The move by Cebu Provincial Board Member Stanley Caminero to seek a review of Green and Smart Mobility (GSM) taxi service’s compliance with existing laws can be read in two ways: as a legitimate exercise of legislative oversight or as a politically convenient pause button on an already sensitive reform.
The PB, on Monday, Feb. 9, 2026, held a meeting to investigate the operations of GSM, a company based in Vietnam that recently brought its electric taxi fleet to Cebu.
PB Member Caminero requested the review to see if the company is following local transport plans and national energy laws. He argues that simply adding more cars to the road is not the right way to help the environment. The main issue is whether these new electric taxis are replacing old gas-powered cars or just adding to the crowd, he said.
“The intention of the law was not really to just replace internal combustion vehicles with EVs on the streets, but to prioritize public utility vehicles that are subject to stricter regulation,” Caminero explained. He believes that current taxi drivers should have been given the chance to switch to electric vehicles first. This would reduce pollution without increasing the total number of cars on the street.
On paper, Caminero’s action is defensible.

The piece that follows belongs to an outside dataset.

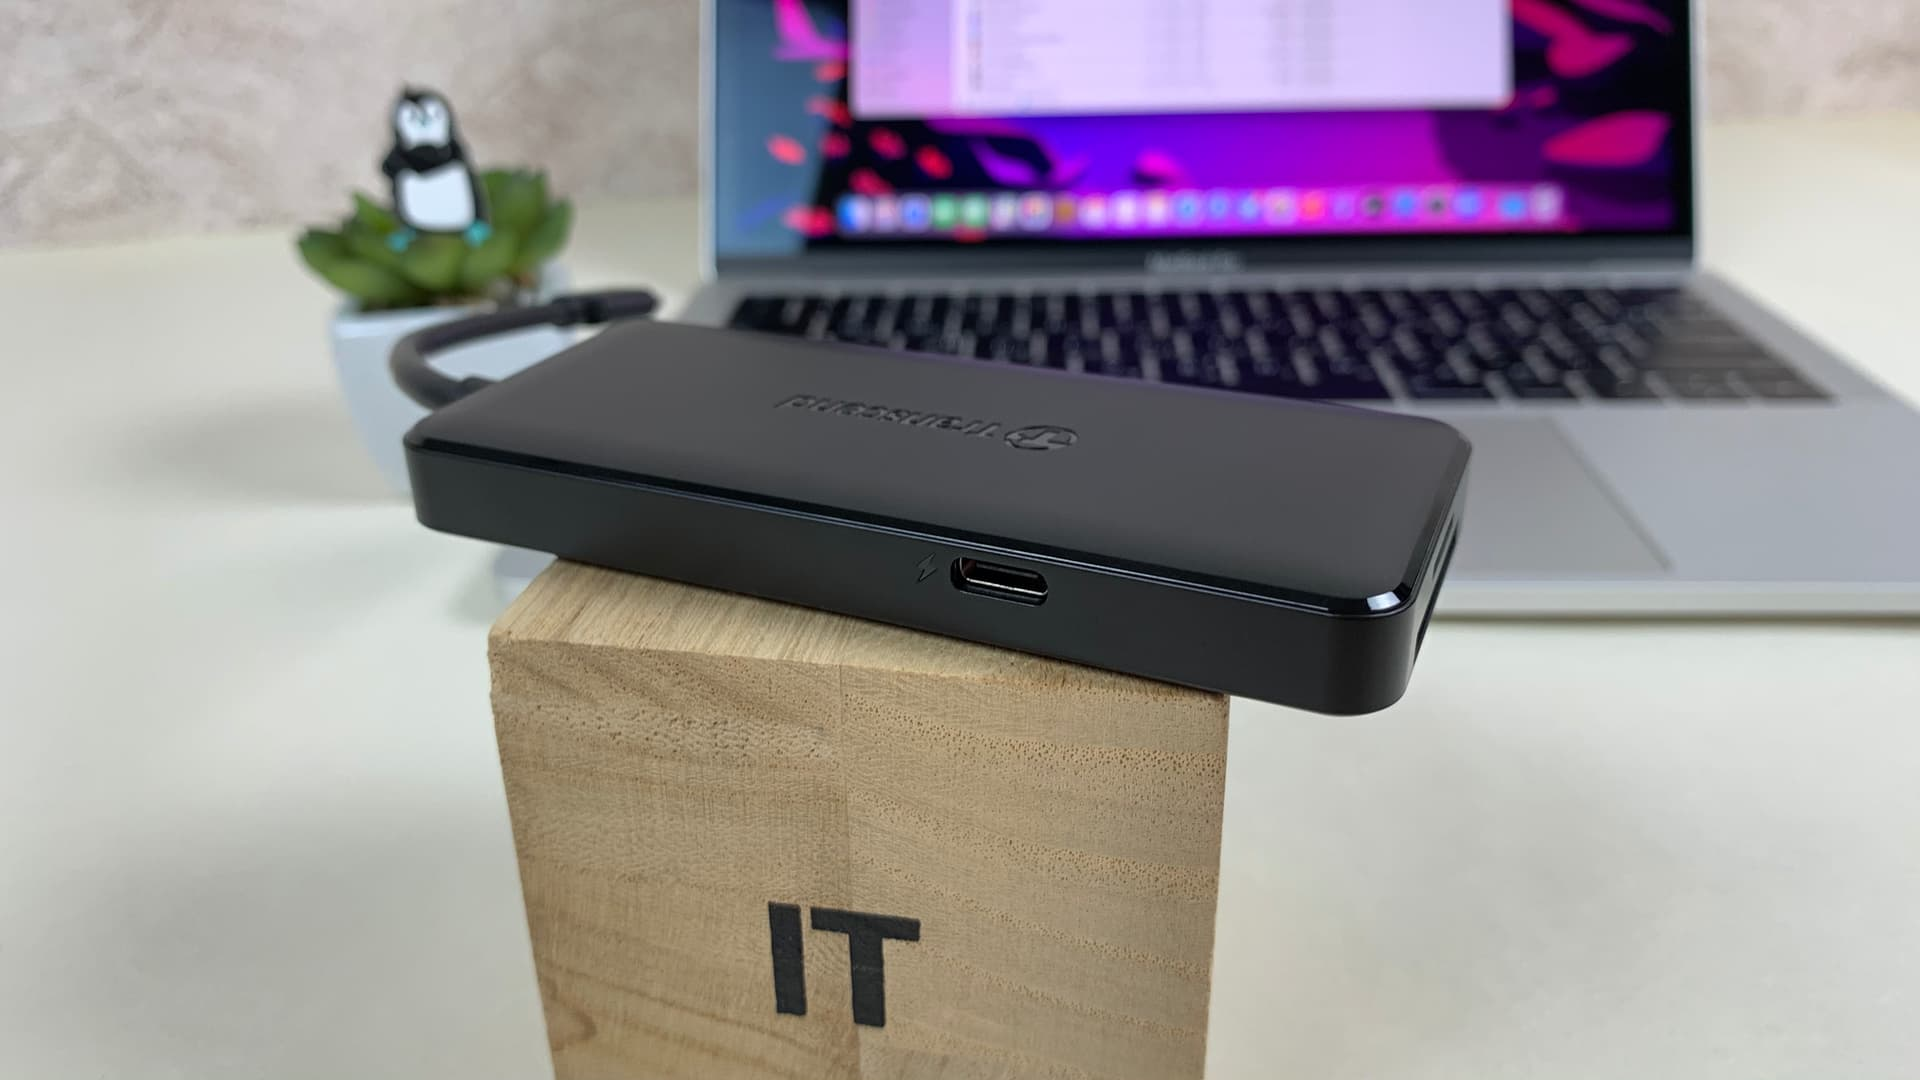 USB-хаб із USB Type-C (USB Power Delivery до 60 Вт)

Any new transport operator — especially one introducing a novel business model — must be scrutinized for compliance with franchising rules, labor standards and local regulations. Oversight is, after all, part of the job. No serious reform should be free from legal review.

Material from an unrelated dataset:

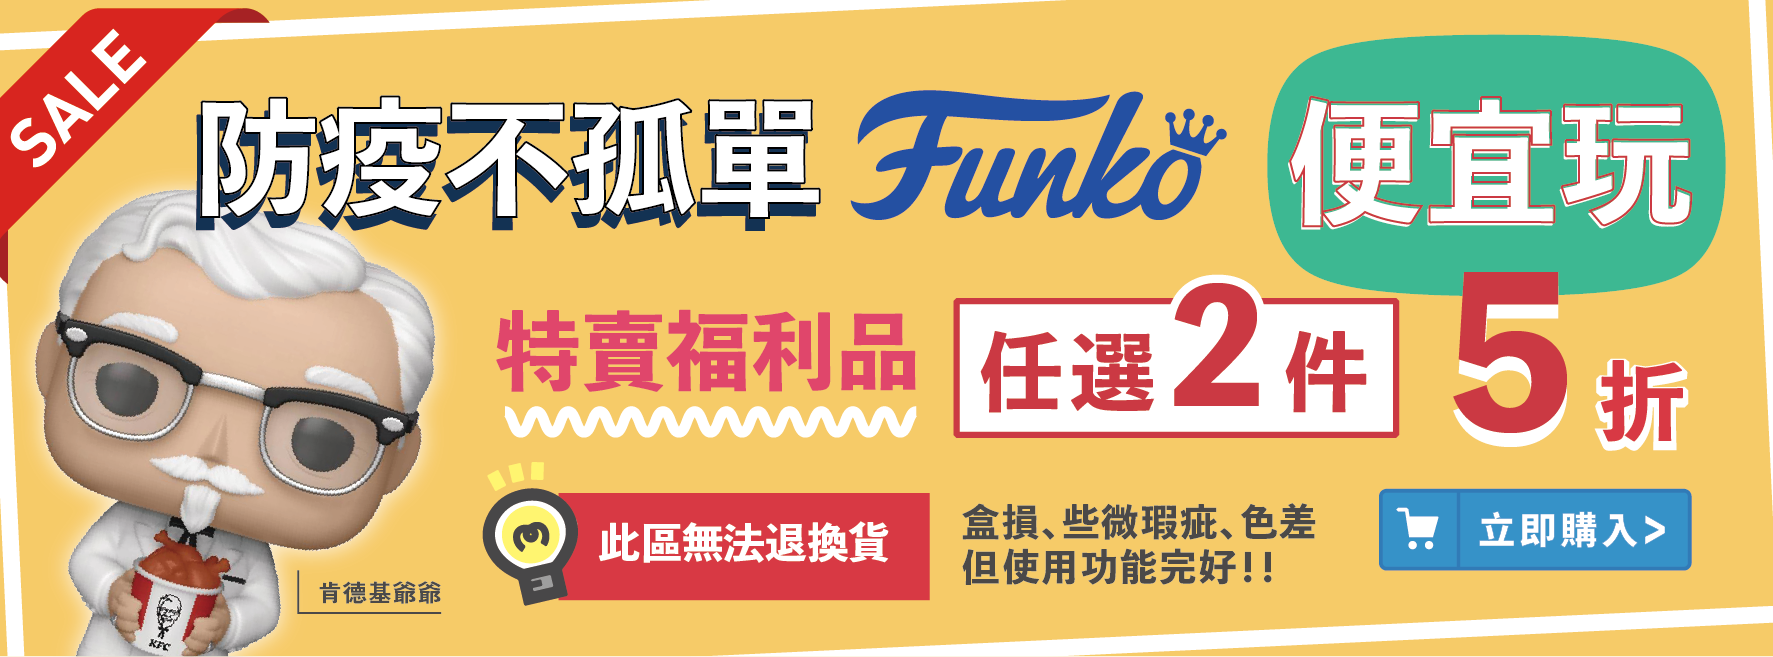 ✰ 防疫不孤單-Funko便宜玩 ✰ - HobbyToy 哈玩具

However, context matters. The timing of the call for review comes amid the vocal opposition from Cebu traditional taxi operators, inevitably raises questions. Is this about ensuring the rule of law, or about responding to pressure from constituents unsettled by competition? In Philippine politics, these two motivations often overlap, but the distinction is crucial.
What weakens the move is not the act of review itself, but the lack of clarity on its scope and urgency. If the intent is to establish whether GSM is operating within national transport laws and LTFRB regulations, then the process should be transparent and evidence-based. Oversight should illuminate facts, not prolong uncertainty. A review that drags on risks becoming a tool of delay rather than accountability.

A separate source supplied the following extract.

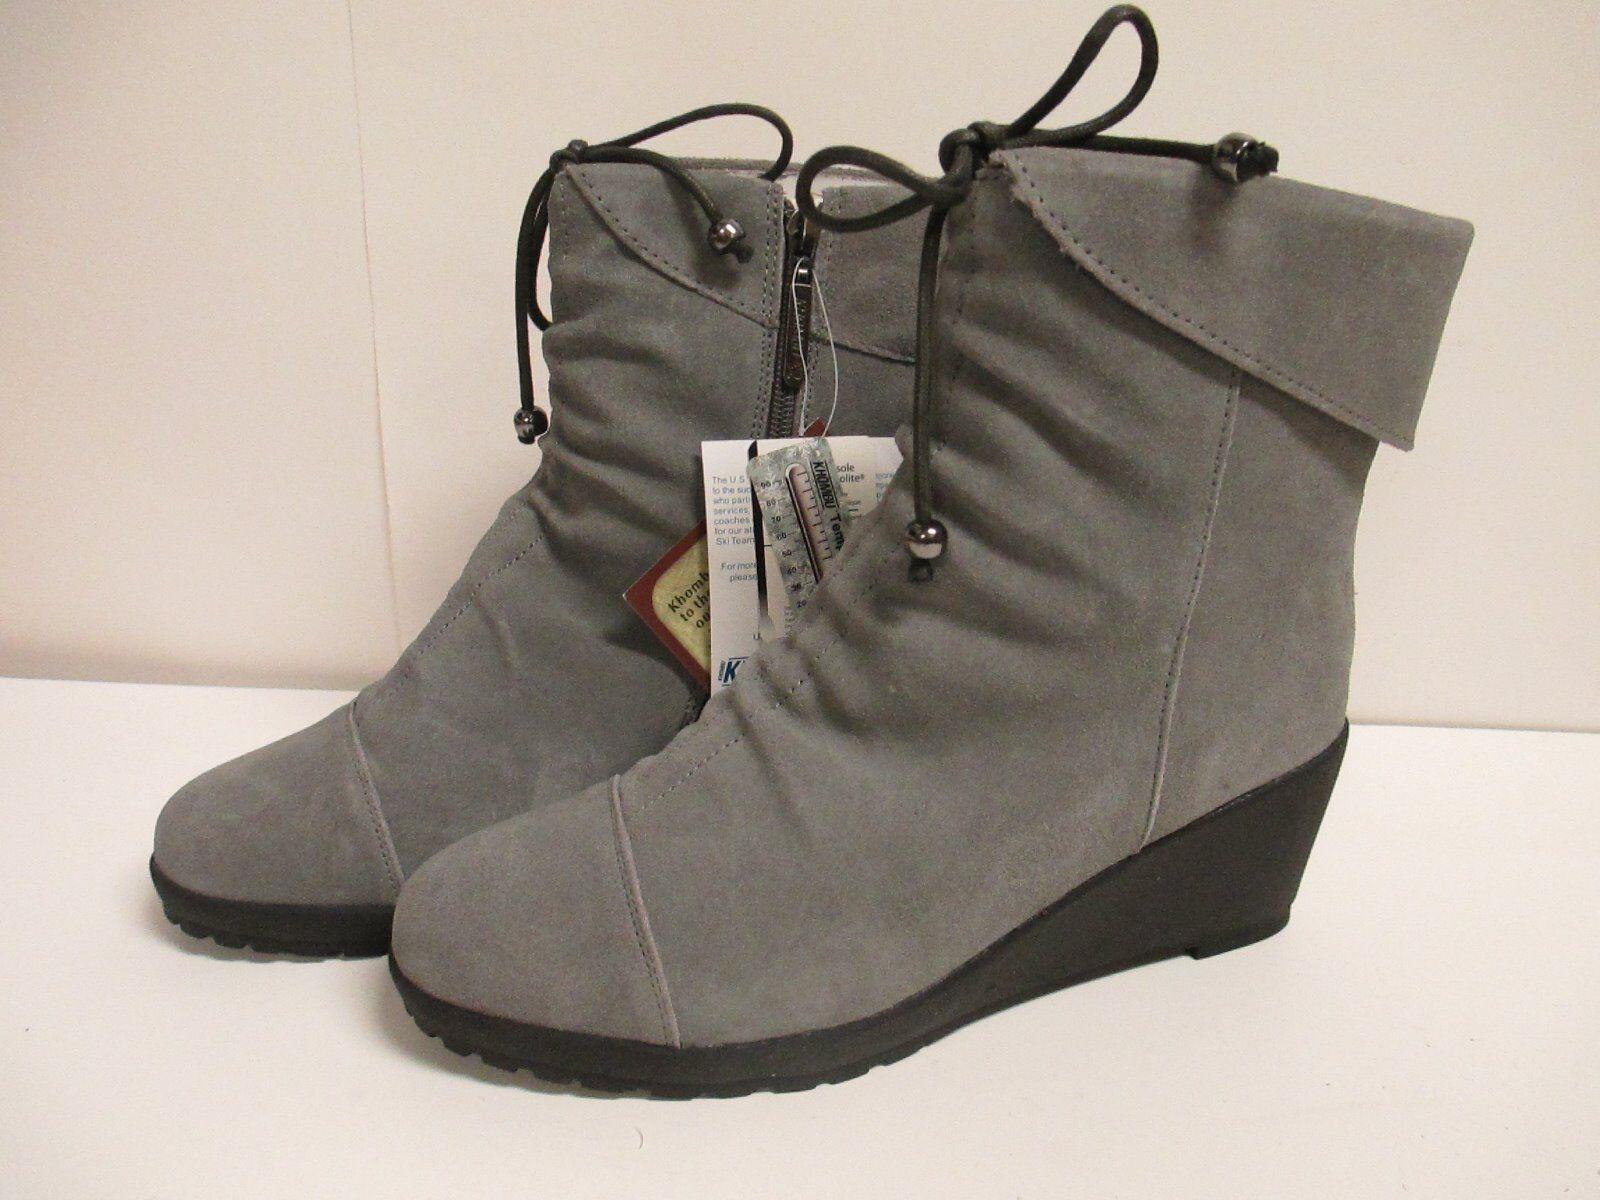 Khombu Sundown Wedge Heel Boot 9 M Grau New w/ Box

There is also the jurisdictional question. Transport franchising is primarily a national function of the Land Transportation Franchising and Regulatory Board. While local governments may regulate traffic, terminals and local ordinances, they should be careful not to overstep into areas already covered by national authority. Otherwise, oversight becomes entanglement and overlapping powers.
More importantly, legal compliance should not be weaponized to defend inefficiency. If GSM meets statutory requirements, then the conversation should shift from legality to policy: how many units should operate, which old units should be phased out and how drivers can be transitioned fairly.
It would also be unfair to dismiss Caminero’s move as purely obstructionist. Oversight, when conducted properly, strengthens public trust. If GSM has exceeded its authority, violated labor protections, or failed to meet regulatory conditions, those issues must be addressed. The law must protect the public interest, not corporate convenience.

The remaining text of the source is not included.